Regarding the interfaces design, best practices were used. The design pillars that were followed were the esthetic and minimalistic design, the use of common and consistent UI elements, the adoption of widely used input controls and navigational elements, the error prevention and good error messaging, etc. The UIs were implemented as web-based interfaces using technologies such as Angular, Bootstrap, and Nebular. The ngx-admin template was used to enable faster implementation as it is a popular admin dashboard based on Angular and it is free and open source. It is efficient as it is packed with a huge number of UI components and it is highly customizable.

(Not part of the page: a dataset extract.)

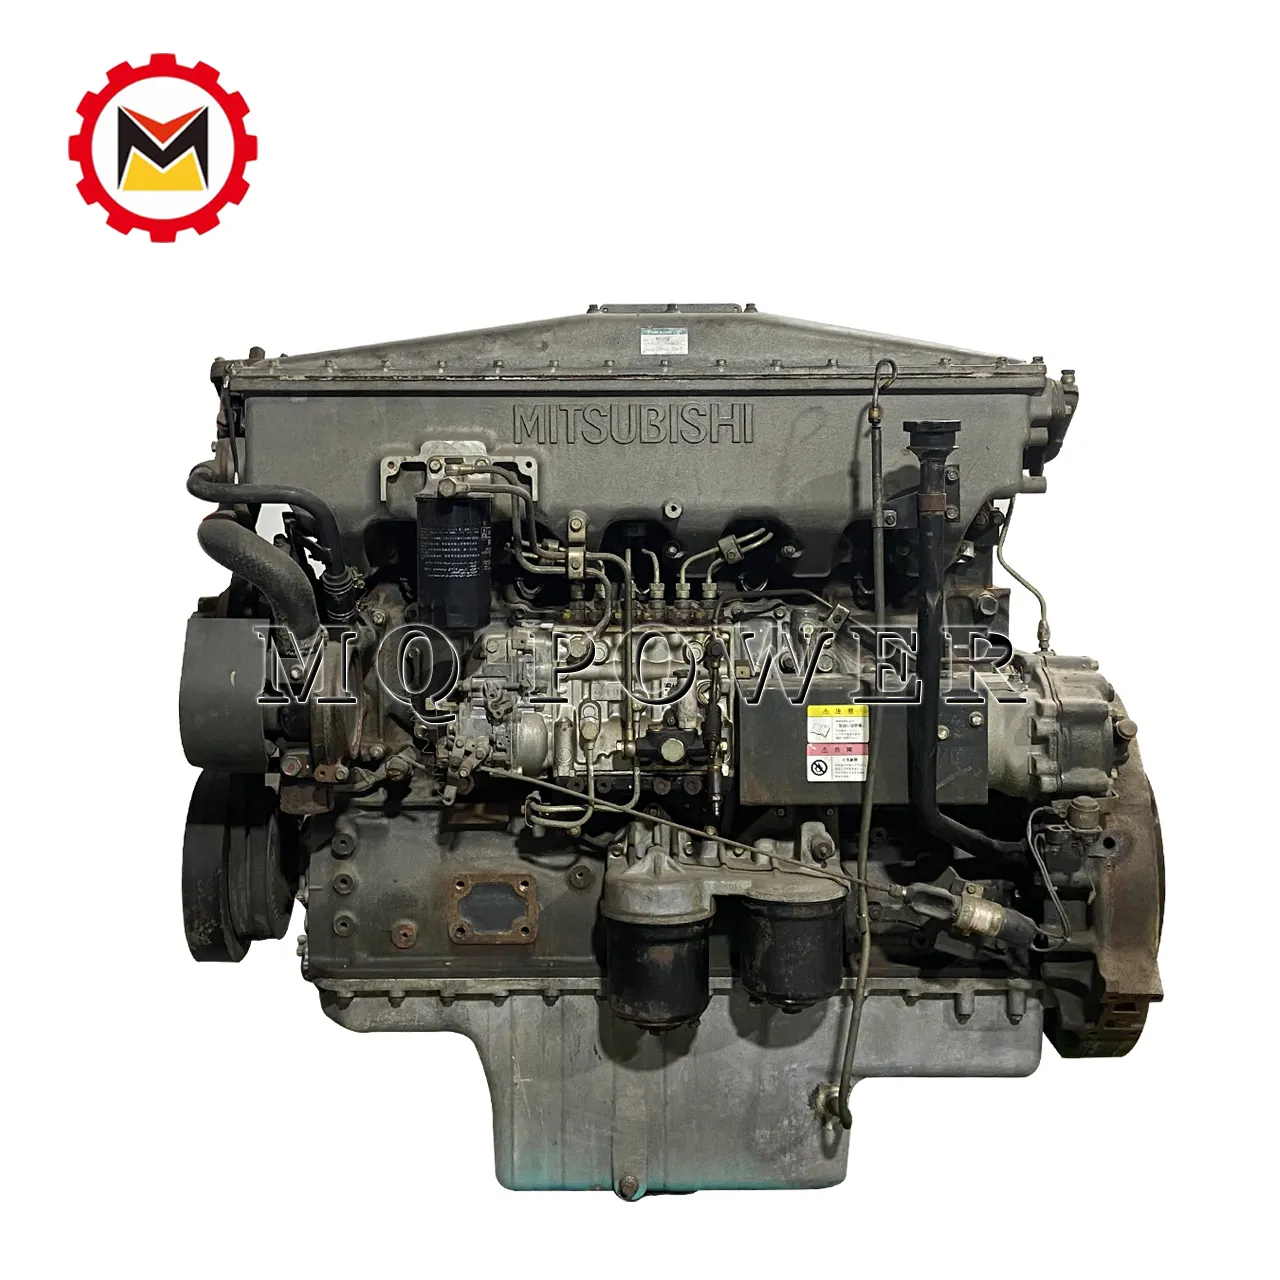 Maoqun motor diesel original, motor diesel original japonês completo 6d22 6d22t 6d24 6d24tcl para mitsubishi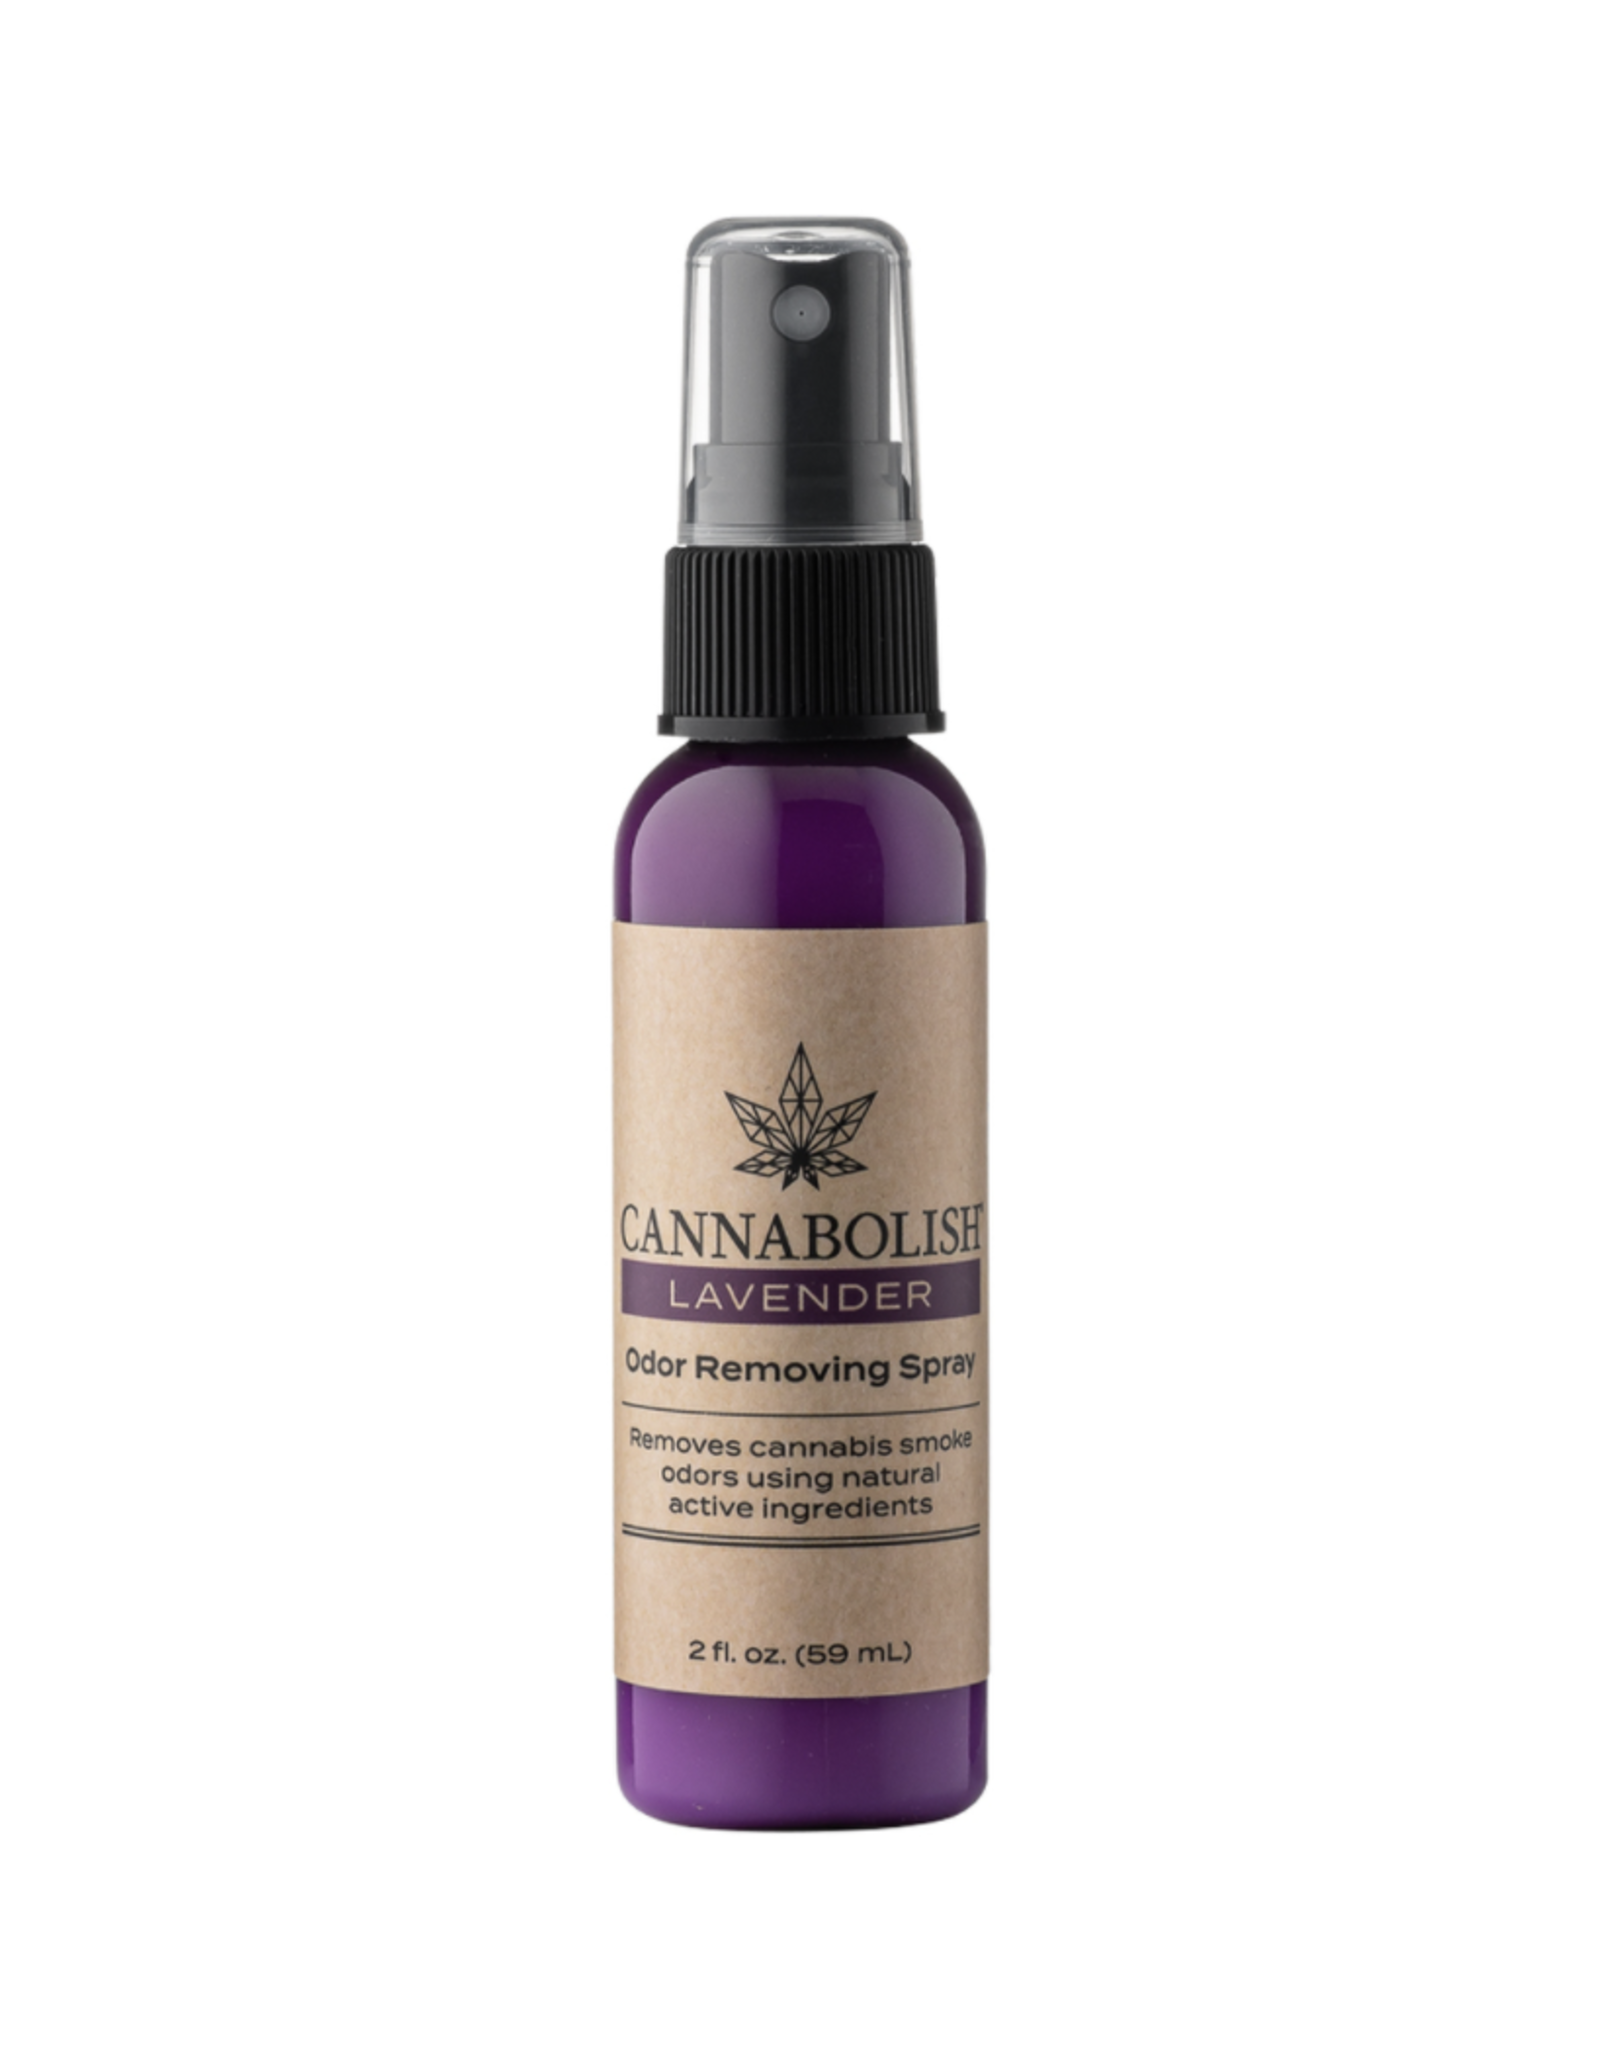 Cannabolish Lavender Spray

The UIs enable the exploration of various available AI models in different views (see Fig. 5) based on the user’s preferences (grid view and list view). The search functionalities provide various filters such as AI models owner, category of the algorithm, price range, rating, etc. Text-based search is also supported, so the user can type text related to the model’s name, keywords, and other metadata.

Fig. 5
A screenshot titled knowlEdge Marketplace. It provides the list of A I models. From the Homepage, Marketplace is selected. Search results give R N N models 4, 3, and 2.

List of AI models

By selecting a model, the user is able to read details (see Fig. 6) such as description, specifications of the model, and metadata such as rating, price, and owner. Furthermore, any datasets connected to a model are also visible. All the data available to UI are dynamically retrieved from Repository and Monetization modules. The user can also select to add to cart a model in order to purchase it based on the NFT monetization module.

Fig. 6
A screenshot titled knowlEdge Marketplace. It provides details of the A I model. From the Homepage, Marketplace is selected. R N N model 4 description and specification are provided.

AI model details

Besides exploring and purchasing AI models, a user can act as a provider and deploy his/her own AI model by using corresponding interfaces (Fig. 7) that are available in a kind of a step wizard form. First, the user adds the dataset details that were used for training a model. Then the general details regarding the task/application that the model is related to (e.g., predictive maintenance) are added. After that, the user adds AI model details such as the type, input and output, model format, and connections with other models and deploys the model itself (e.g., an ONNX file, etc.).

Fig. 7
A screenshot titled knowlEdge Marketplace. It uploads the A I model. From My Repository, the New Model is selected. R N N model 4 dataset details, task details, and model details are provided.

Uploading an AI model

4 Conclusions

The design and the implementation of a marketplace for exchanging AI models related to Industry 5.0 and smart manufacturing are introduced. The knowlEdge Marketplace highlights the main components that a marketplace for AI models should include. A component to enable the modeling of AI models/algorithms and their metadata based on standards has been defined as a necessity. Moreover, AI developers should be able to provide their models based on widely used formats and standards in such marketplaces. Furthermore, services to enable trusted transactions and sharing, along with security and protection of ownership in AI marketplaces, have been found as core concepts that should be covered as well. The use of blockchain technology for this kind of services has been proved as an ideal candidate as it provides all the necessary concepts regarding monetization and secure and trusted transactions. Moreover, user-friendly and easy-to-use interfaces were another important factor that should be considered as in the end, as any other marketplace, it is focused to end-users.

Regarding the next steps, the knowlEdge Marketplace focuses on further testing and evaluation by domain experts targeting to final improvements so to be considered as a completely market-ready solution. The plan is for this marketplace to be one of the core AI marketplaces in Europe related to AI models exchanged in Industry 5.0 era.